Jakarta, Gatra.com - Kepolisian kembali menangkap beberapa tokoh seperti Eggi Sudjana dan Kivlan Zen yang dianggap berseberangan dengan pemerintah dengan tuduhan makar. Kata makar inilah yang kembali mencuat belakangan ini dan dengan mudah dituduhkan kepada orang yang tidak sepaham dengan pemerintah.
Dosen Hukum Pidana Sekolah Tinggi Hukum Indonesia Jentera, Anugerah Rizki Akbari angkat bicara terkait kata-kata makar. Ia mengatakan, dirinya tidak mengetahui faktor yang menyebabkan munculnya berbagai multitafsir definisi makar. Kemunculan multitafsir ini dapat menimbulkan kasus-kasus ‘lucu’ yang sebenarnya bukan makar.

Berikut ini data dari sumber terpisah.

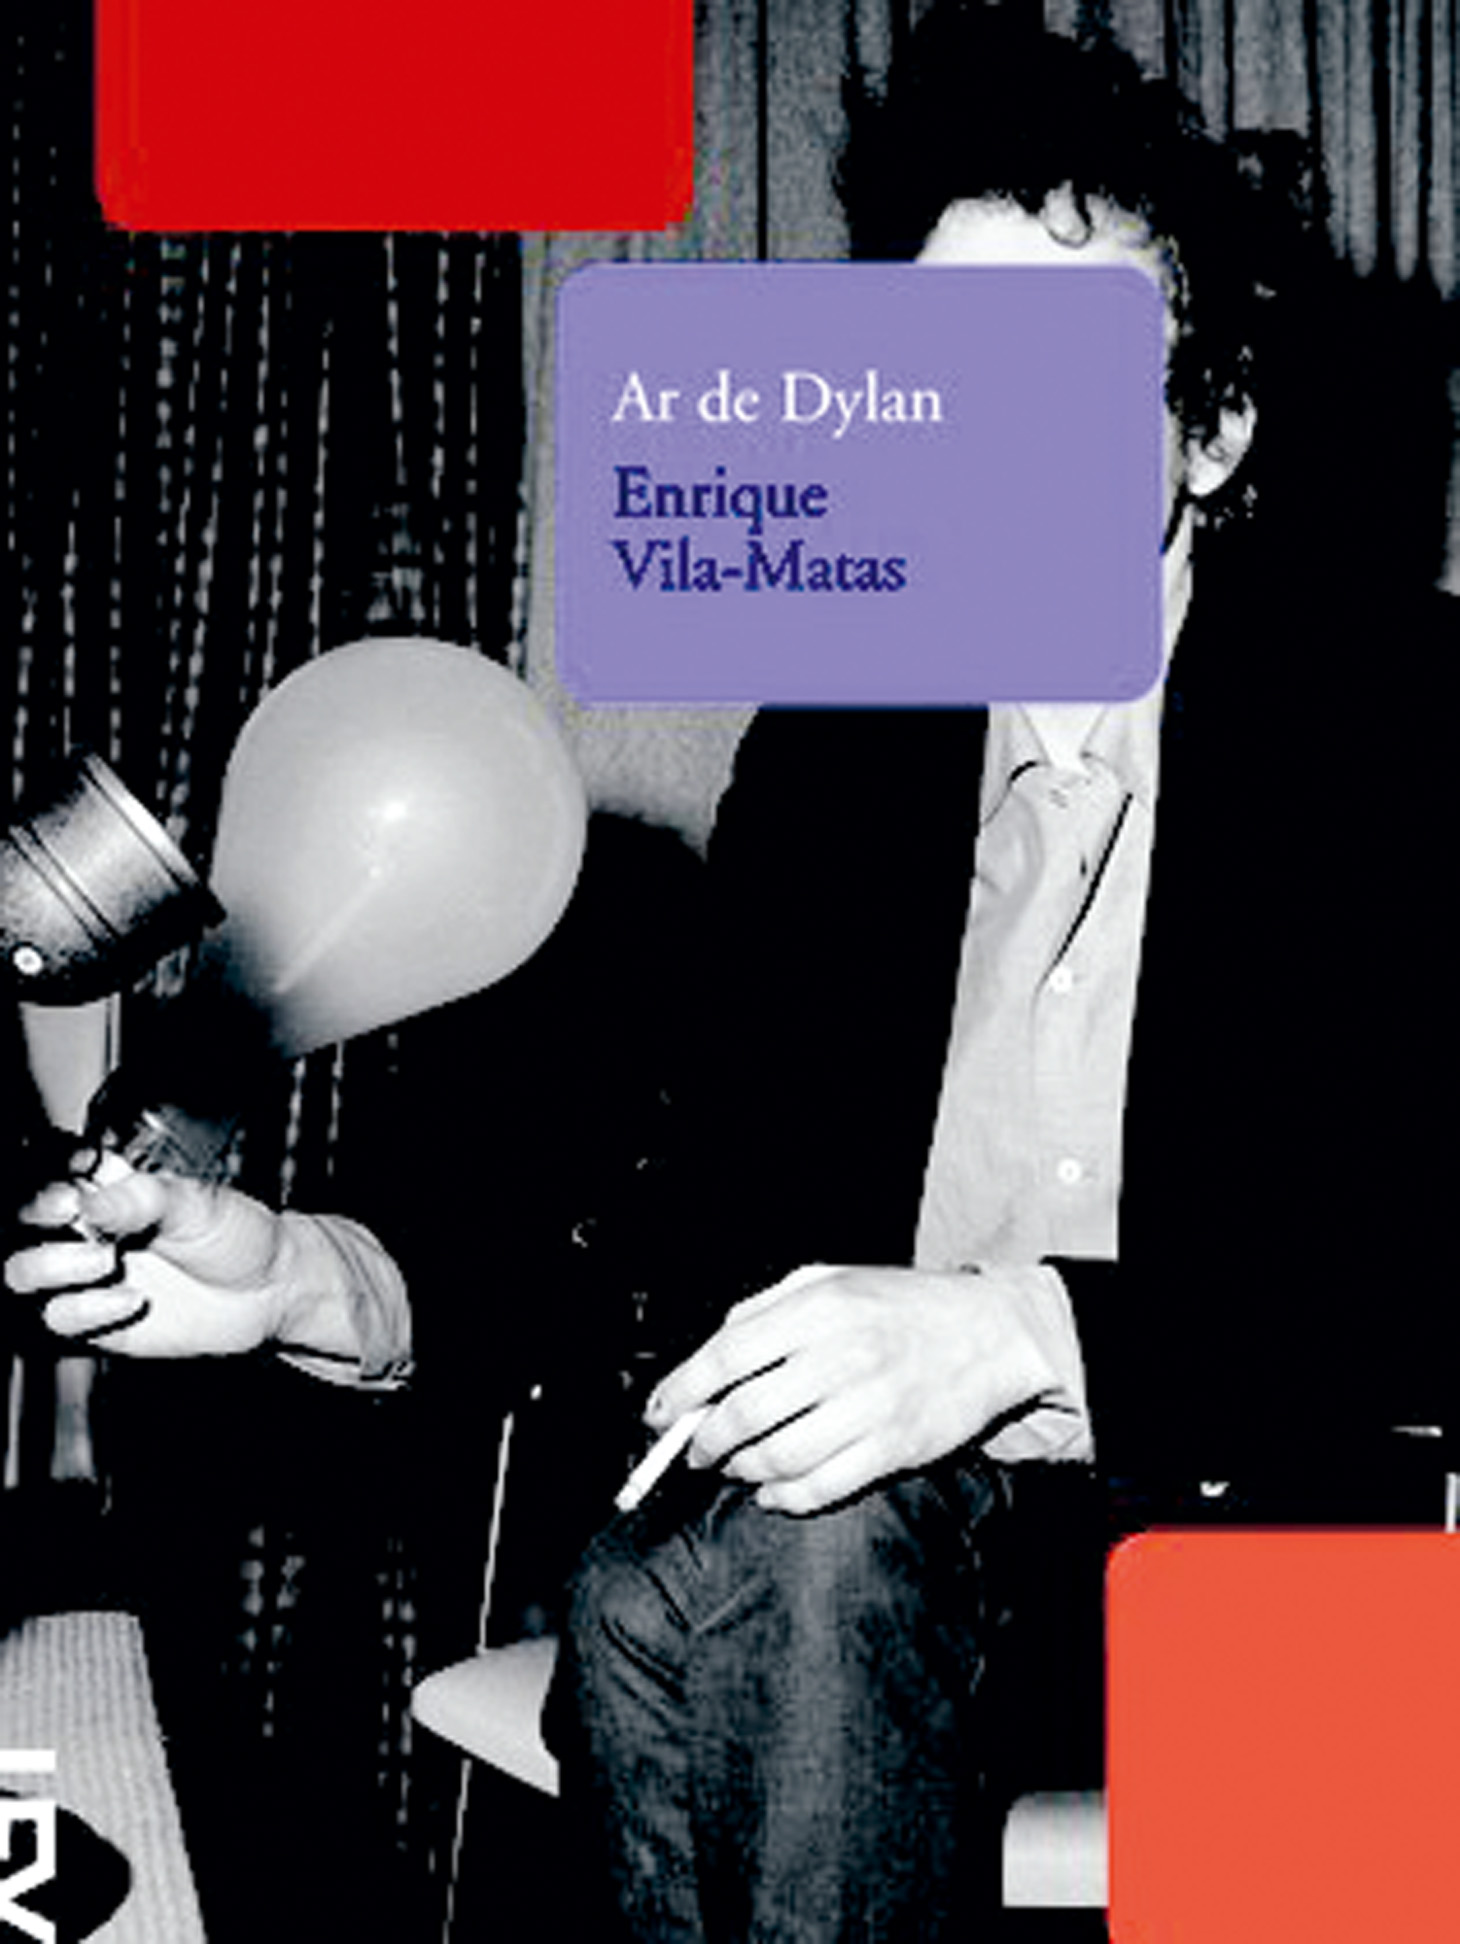 Livros - Ar de Dylan: Novela de Enrique Vila-Matas sobre um cineasta, clone de Bob Dylan, assombrado pelas memórias do pai. (Guilherme Werneck, MTV)
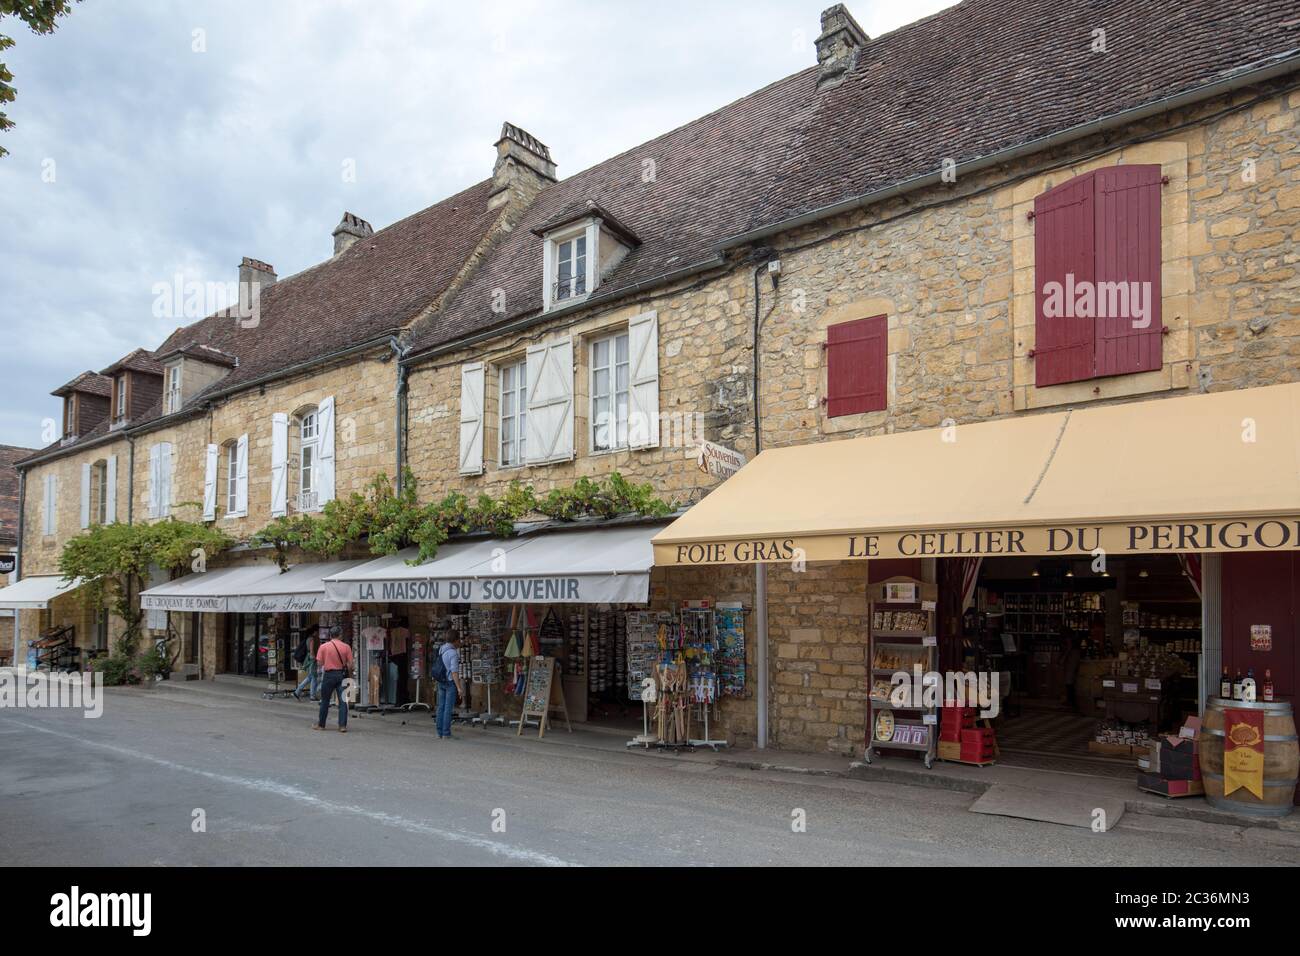 Domme, Frankreich - 5 September, 2018: die Touristen, die in der mittelalterlichen Stadt Sarlat-la-Canéda in der Dordogne Frankreich. Stockfoto

“Semakin ke sini, kita tidak mengetahui persis alasan multitafsir definisi makar di tengah masyarakat. Saya mencurigai makar ini dimaknai sebagai UU Subversif dan pemahaman itu masih melekat dan tidak adanya UU tersebut, maka dimasukkan dalam makar," ujar Rizki dalam diskusi publik dengan tema ‘Menalar Makar: Miskonsepsi Delik Makar dalam Penegakkan Hukum’ di Gedung YLBHI, Jakarta Pusat, Rabu (15/5).
Rizki menuturkan penegak hukum yang tidak memahami definisi dari makar menjadi penyebab munculnya multitafsir di tengah masyarakat. bahkan, masyarakat juga mengambil peran dari simpang siurnya definisi makar.
“Kemunculan multitafsir di tengah masyarakat tidak ada urusannya dengan politik. Ini murni dari penegak hukum yang tidak paham definisi makar sebenarnya. Tak hanya itu, masyarakat juga mengambil peran dimana ketika berbagai perdebatan terjadi, pihak akademisi tidak membantu meluruskan hal tersebut,” ujarnya.
Rizki menuturkan sangat penting untuk meluruskan definisi makar sebagai serangan. Jika multitafsir makar ini dibiarkan begitu saja, maka setiap orang yang memiliki pemikiran dan pandangan yang berbeda dikenakan pasal makar.